The replicate studies demonstrated a statistically significant improvement in patients’ scores on the European Alliance of Associations for Rheumatology Sjögren’s syndrome disease activity index (ESSDAI) with ianalumab, a dual-action, B cell-targeted monoclonal antibody.

Treatment also improved symptoms and other measures of disease activity as reported by patients and assessed by physicians in the study, according to Dr. Grader-Beck.

“Ianalumab provided a clinically meaningful benefit to patients, as evidenced by significant improvements in disease activity and reductions in patient burden,” Dr. Grader-Beck said in a podium presentation of the results.

When given once monthly at 300 mg, ianalumab led to a rapid and sustained reduction in disease activity compared with placebo. Ianalumab also demonstrated favorable safety, contributing to a “positive benefit-risk profile,” he said.

The results support continued development of this B cell-targeted agent in Sjögren’s disease, a systemic and heterogeneous autoimmune disease with high unmet treatment needs and no approved systemic therapies.

By binding to the B cell activating factor (BAFF) receptor, ianalumab exhibits a dual mechanism of action.

According to Dr.
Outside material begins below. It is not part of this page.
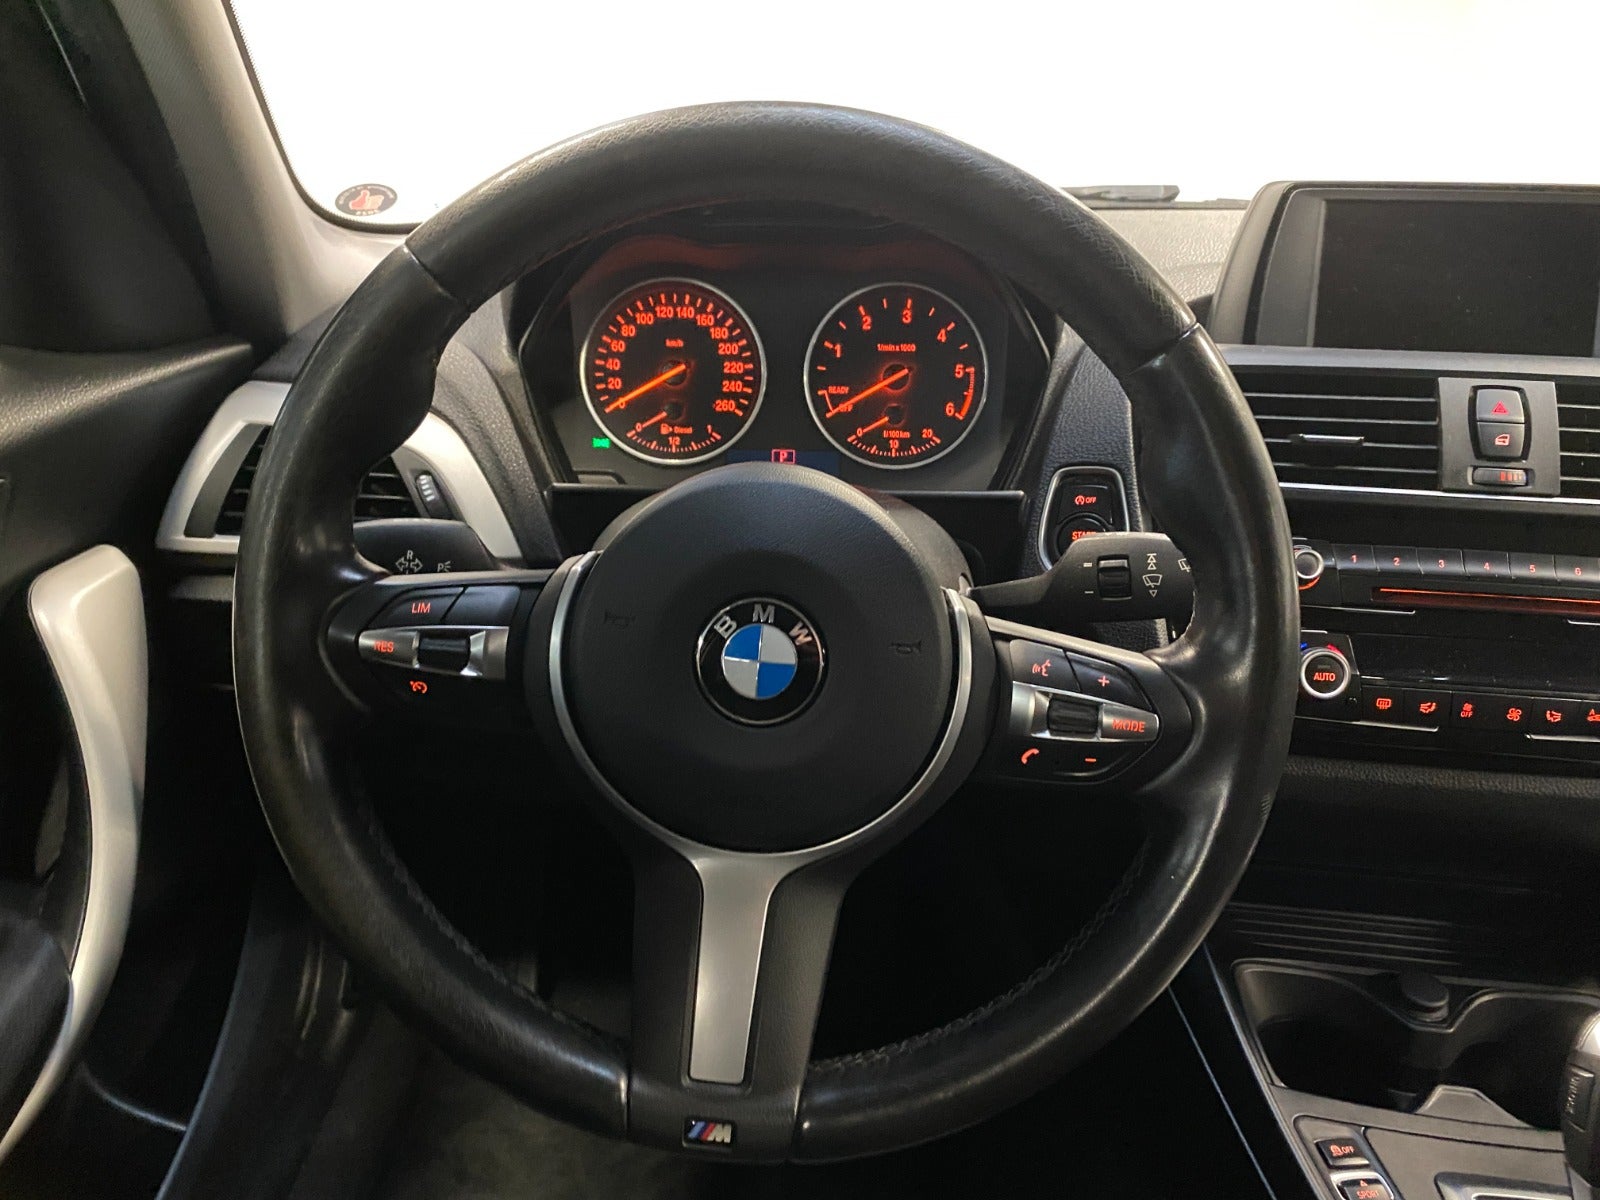 BMW 120d 2,0 aut. Diesel aut. Automatgear modelår 2016 km

Grader-Beck, it rapidly depletes B cells through enhanced antibody-dependent cellular cytotoxicity, and also inhibits B cell activation and survival via BAFF receptor blockade.
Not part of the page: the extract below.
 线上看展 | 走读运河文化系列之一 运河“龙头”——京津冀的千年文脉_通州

“B cell hyperactivity and dysregulated BAFF/BAFF-receptor signaling are hallmarks of Sjögren’s disease pathogenesis,” the researcher said.
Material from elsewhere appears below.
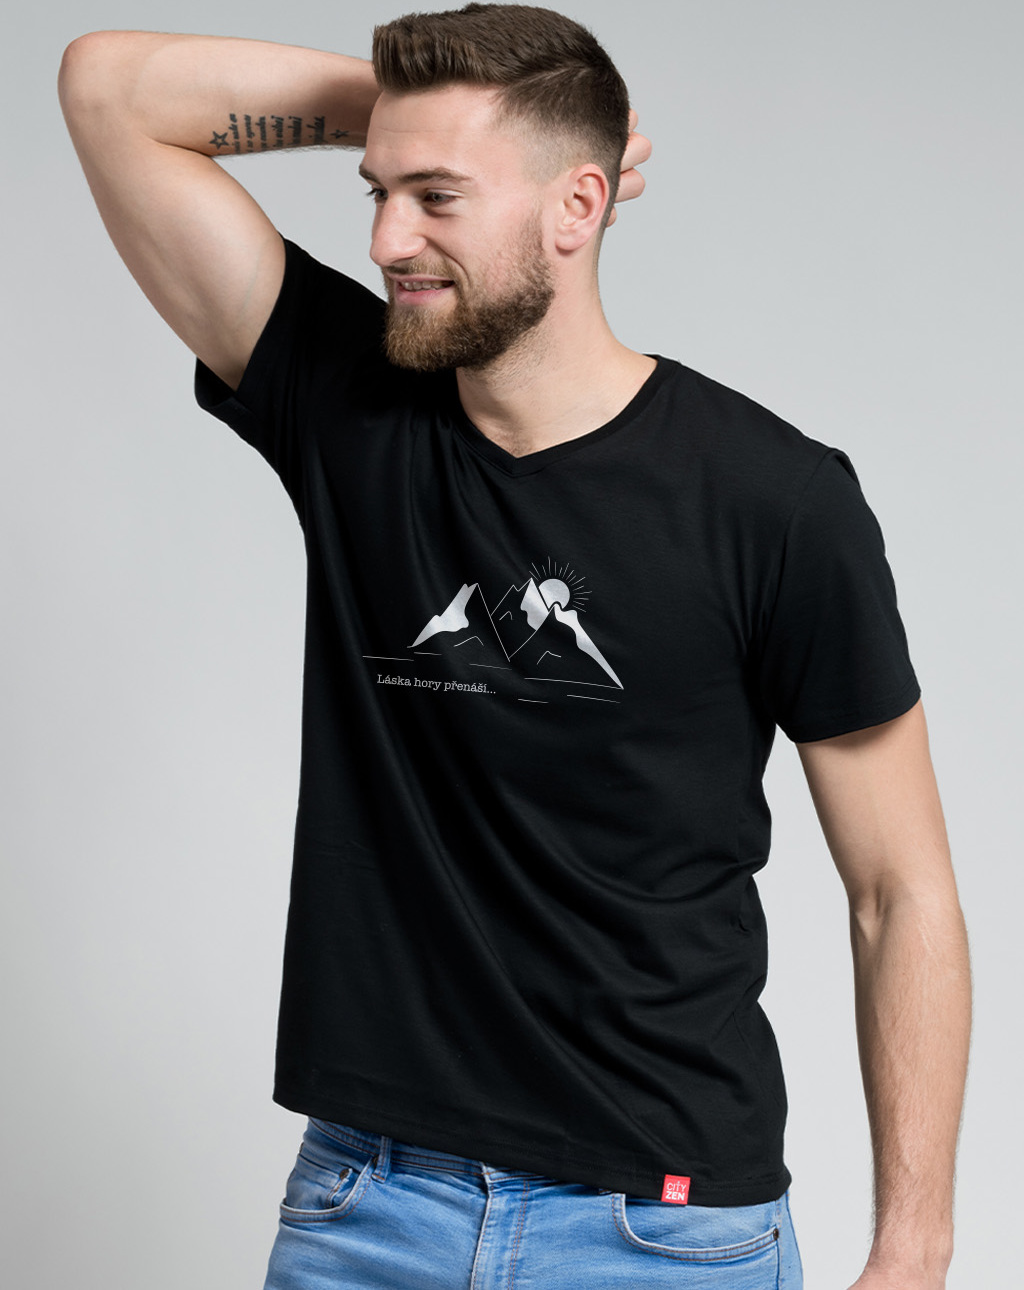 Pánské bavlněné tričko CITYZEN černé Láska hory přenáší Velikost: XL

In the phase 3 NEPTUNUS-1 and NEPTUNUS-2 trials, a total of 779 adult patients with Sjögren’s disease were randomized to receive subcutaneous injections of ianalumab or placebo monthly or every 3 months for 52 weeks.

The primary endpoint was the change in the ESSDAI score from baseline to week 48.

Both studies met this primary objective, both individually and in a pooled data analysis.

The reduction in disease activity was rapid and sustained in comparison to placebo, according to the investigator.

At week 48, the mean ESSDAI score had dropped by 6.5 points in patients receiving ianalumab 300 mg monthly, vs 5.3 points with placebo (P = .0031), according to results of the pooled analysis.

Patients who received ianalumab 300 mg monthly also rated their condition as more improved than those who received placebo. The difference was significant as early as week 8 in the pooled analysis, and up to week 52, the investigator said. The monthly treatment also led to consistently greater improvement than with placebo as assessed by the physician at week 48.

Changes in function were also reported, including salivary flow, which improved for patients receiving ianalumab who had a baseline stimulated salivary flow rate of 0.4 mL/min or greater. In a post hoc analysis, patients above that baseline flow rate cutoff also had less oral dryness with ianalumab than with placebo.

Ianalumab had a favorable safety profile in both studies, according to Dr. Grader-Beck.

The incidence of adverse events was reported to be similar to that with placebo, with very few serious adverse events reported, he said. The incidence of infections was also similar between the placebo and treatment groups.

Disclosures

Thomas Grader-Beck, MD, reported disclosures related to Novartis (advisor or review panel member; consultant). 

References

Grader-Beck T, Mariette X, Finzel S, et al. Ianalumab demonstrates significant reduction in disease activity in patients with Sjögren’s disease: efficacy and safety results from two global phase 3, randomized, placebo-controlled double-blind studies (NEPTUNUS-1 and NEPTUNUS-2) [abstract]. Arthritis Rheumatol 2025; 77 (suppl 9). https://acrabstracts.org/abstract/ianalumab-demonstrates-significant-reduction-in-disease-activity-in-patients-with-sjogrens-disease-efficacy-and-safety-results-from-two-global-phase-3-randomized-placebo-controlled-double-blind-s/. Accessed October 30, 2025.